Well, yes. I did, actually. Somebody had to do it, and what I knew of menus would hardly suffice for a weekday breakfast.

"I hope Her Grace will recall that she has a lovely home in Sussex and family who would enjoy her company." The lovely home part was true.

Lady Barrington studied me for an uncomfortable moment. "You are so like your father. Arthur has the same quality—inscrutability on command. Dorothea hasn't an inscrutable bone in her body, heaven knows. I confess, she does not seem her usual, vivacious self. Her health, her finances, I know not what bothers her, but Gideon agrees with me, and he's known us both for ages. I'm glad you are here, because the duchess is troubled, and you stand as good a chance of sorting her out as anybody. I'll leave you to your tea."

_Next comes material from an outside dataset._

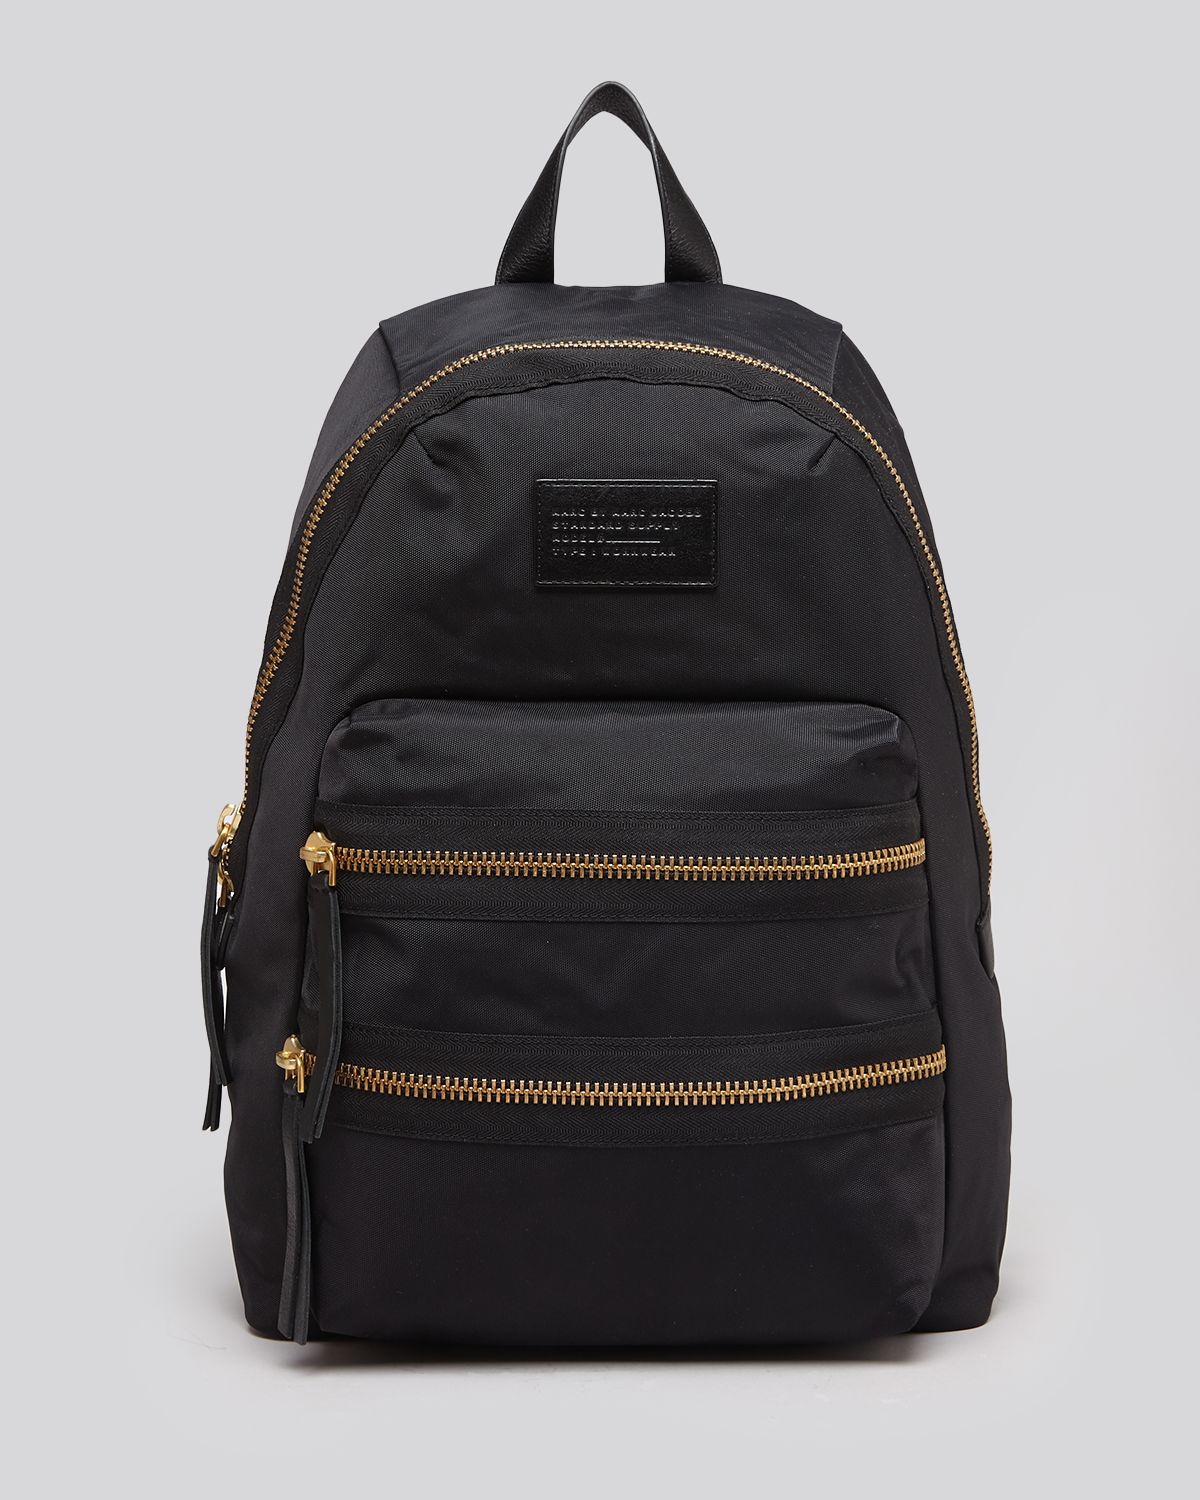 Marc by marc jacobs Backpack - Domo Arigato Packrat in Black | Lyst
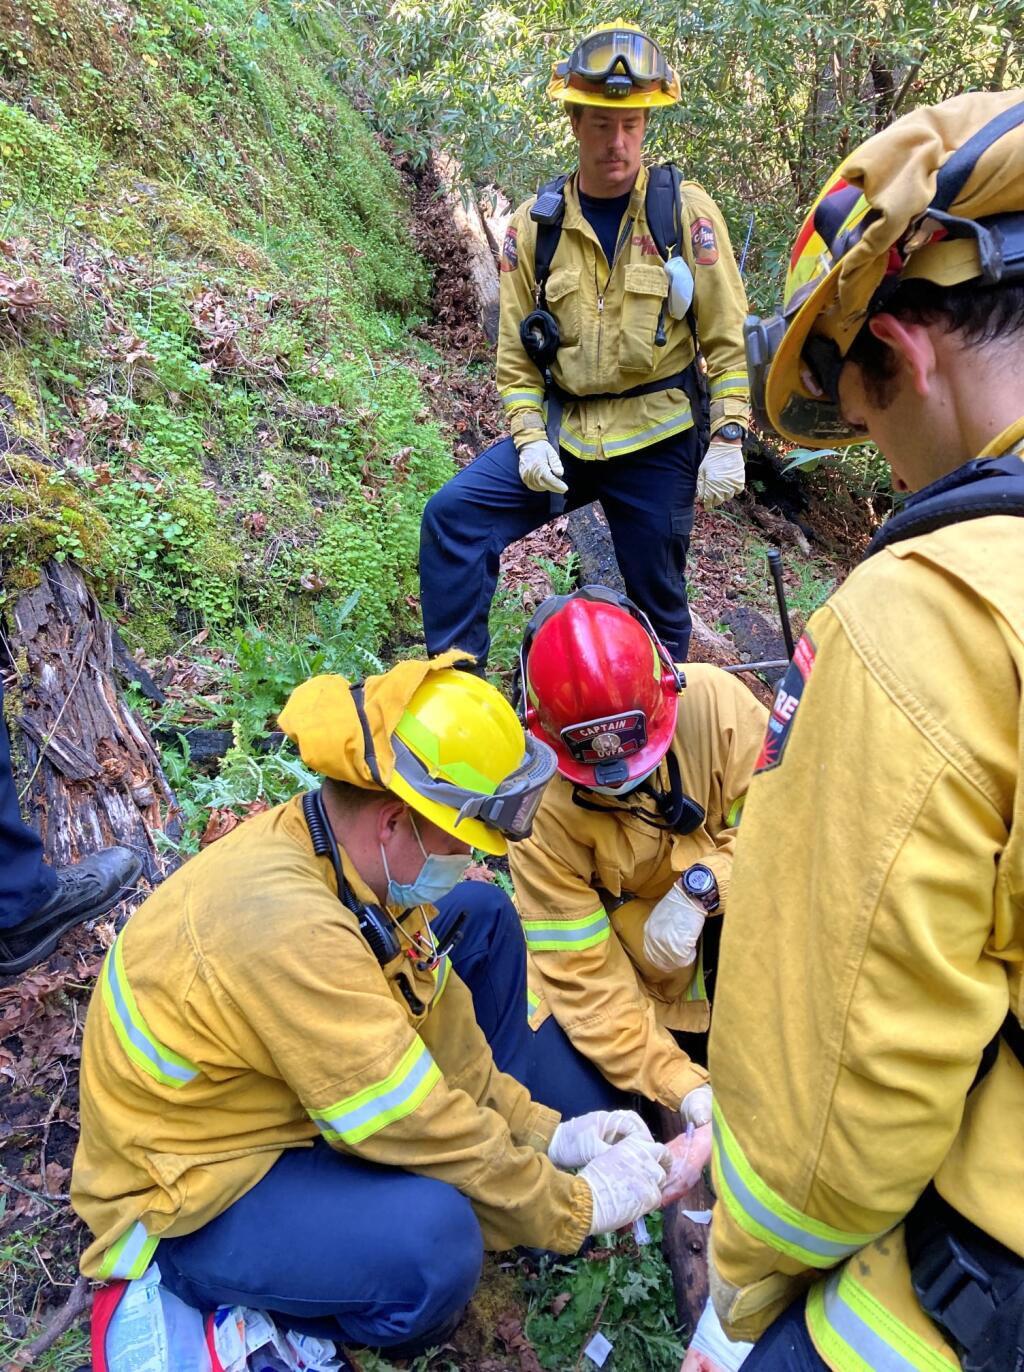 A crew with Henry 1 assisted Ukiah Valley Fire Authority and Cal Fire in rescuing a woman from the Montgomery Woods State Natural Reserve. (Sonoma County Sheriff’s Office / Facebook)

She withdrew on a nodding sort of half curtsey and left me troubled too. I closed the door behind her and brought the tea tray out onto the balcony. While I poured myself a cup of strong, black tea, I sorted through first impressions, questions, and instincts.

If I had to use one word to describe my mother it would be passionate . Her Grace of Waltham could rage, laugh, sulk, and rejoice all in the course of an hour, and each sentiment would be given the fullest expression in its turn. The duchess was prone to drama, in other words.

And now she was quiet and brooding? Oh yes, I was troubled. Very troubled. When the duchess herself swept into my parlor five minutes later, I grew more troubled still.